The trial was actually Rao and Han v Watson.
Rao and Han confessed to lying to lenders and investors, creating fake contracts, criminal impersonations and securities fraud. The prosecution alleges Watson directed Han and Rao to commit crimes.

Watson said Rao and Han acted alone and lied on the stand to get their get-out-of-jail card from the government. The trial ended on July 17, 2024, when a jury found Watson guilty of all three counts.
Sentencing
Watson is due for sentencing on Nov. 18. He faces sentencing guidelines of 24-29 years – with a maximum of 37 years. Han and Rao do not have a sentencing date, typical for cooperators. They get sentenced last and least. Their approximate sentencing guidelines are in the mid-teens, but cooperators typically get 80-90 percent of their sentences shaved off. Han and Rao may get probation.
If so, the American criminal justice system works like this: three people are convicted of the same crimes: two walk, and one goes to prison for decades.

Race Dynamics in the Courtroom
Watson is Black. Watson’s attorneys, Ronald Sullivan Jr, Shannon Frison, and Janine Gilbert, are Black.

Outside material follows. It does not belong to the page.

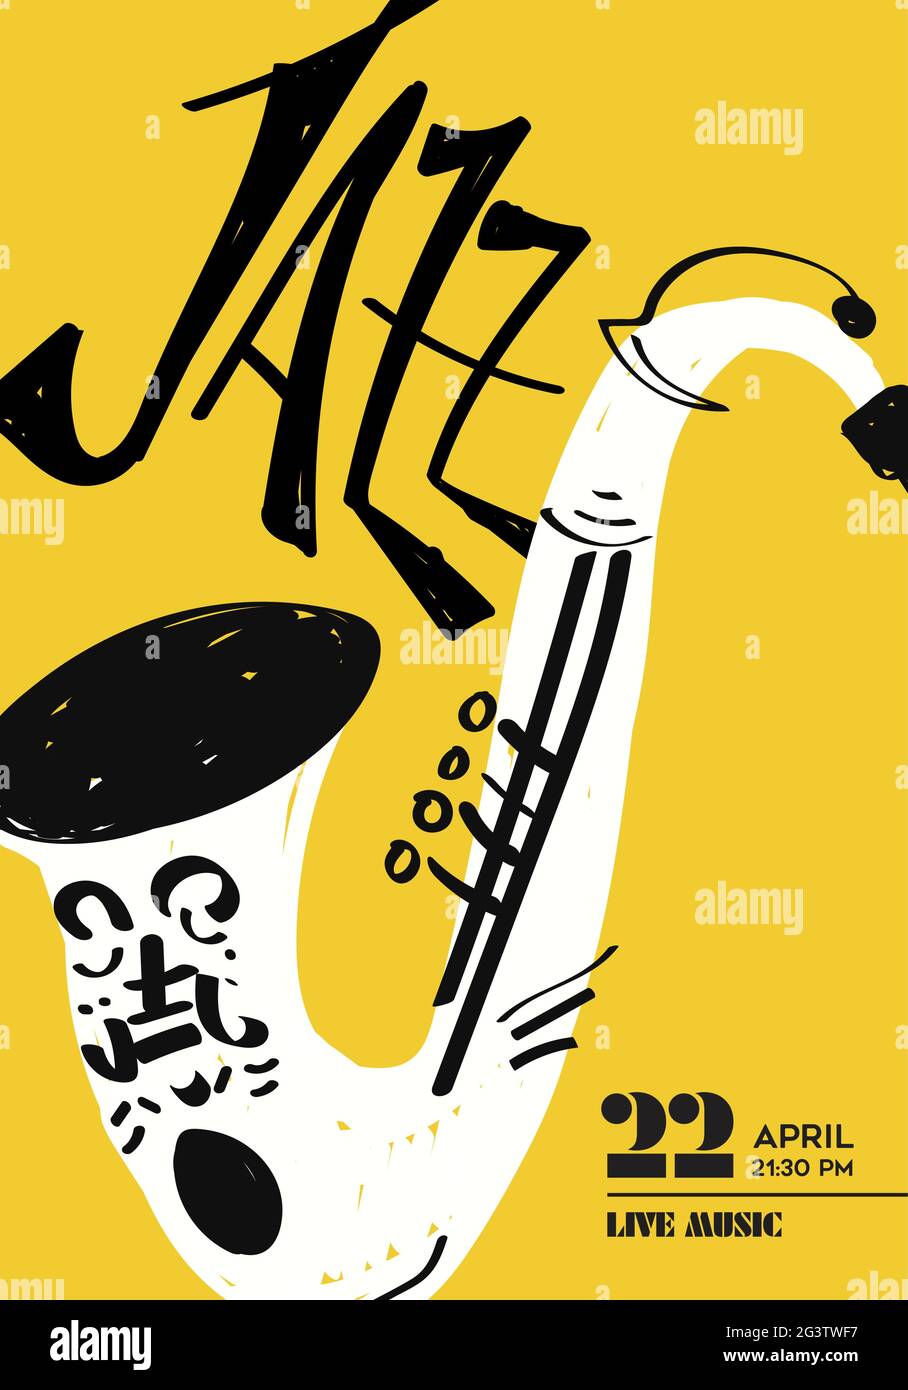 Affiche de musique jazz illustration de drôles de saxophone drôles dessinées à la main. Modèle d'événement de concert musical pour la boîte de nuit ou la fête de festival. Illustration de Vecteur

The prosecutors, Jonathan Siegel, Gillian Kassner, and Dylan Stern, and their legal assistant, Jake Menz, are White and, if I err not, Jewish.
The judge is White and Jewish.

Does Race Matter?
In the American system of justice, race or ethnicity is not supposed to matter. But you would have noticed the great color divide if you had walked into the courtroom during the Watson trial. The courtroom is divided into halves – the defense and the prosecution side.
As you enter, on your right was the defense with Watson, with his three Black attorneys, two Black female interns, and a Latina female intern.
On the left was the prosecution: Three White men and one White woman.
A Judge Above Bias

On a bench, in the back, above the rest, was the judge, White, Jewish, a former prosecutor from the same office as the prosecutors (he left the office before any of the young prosecutors went to work at the USAO EDNY).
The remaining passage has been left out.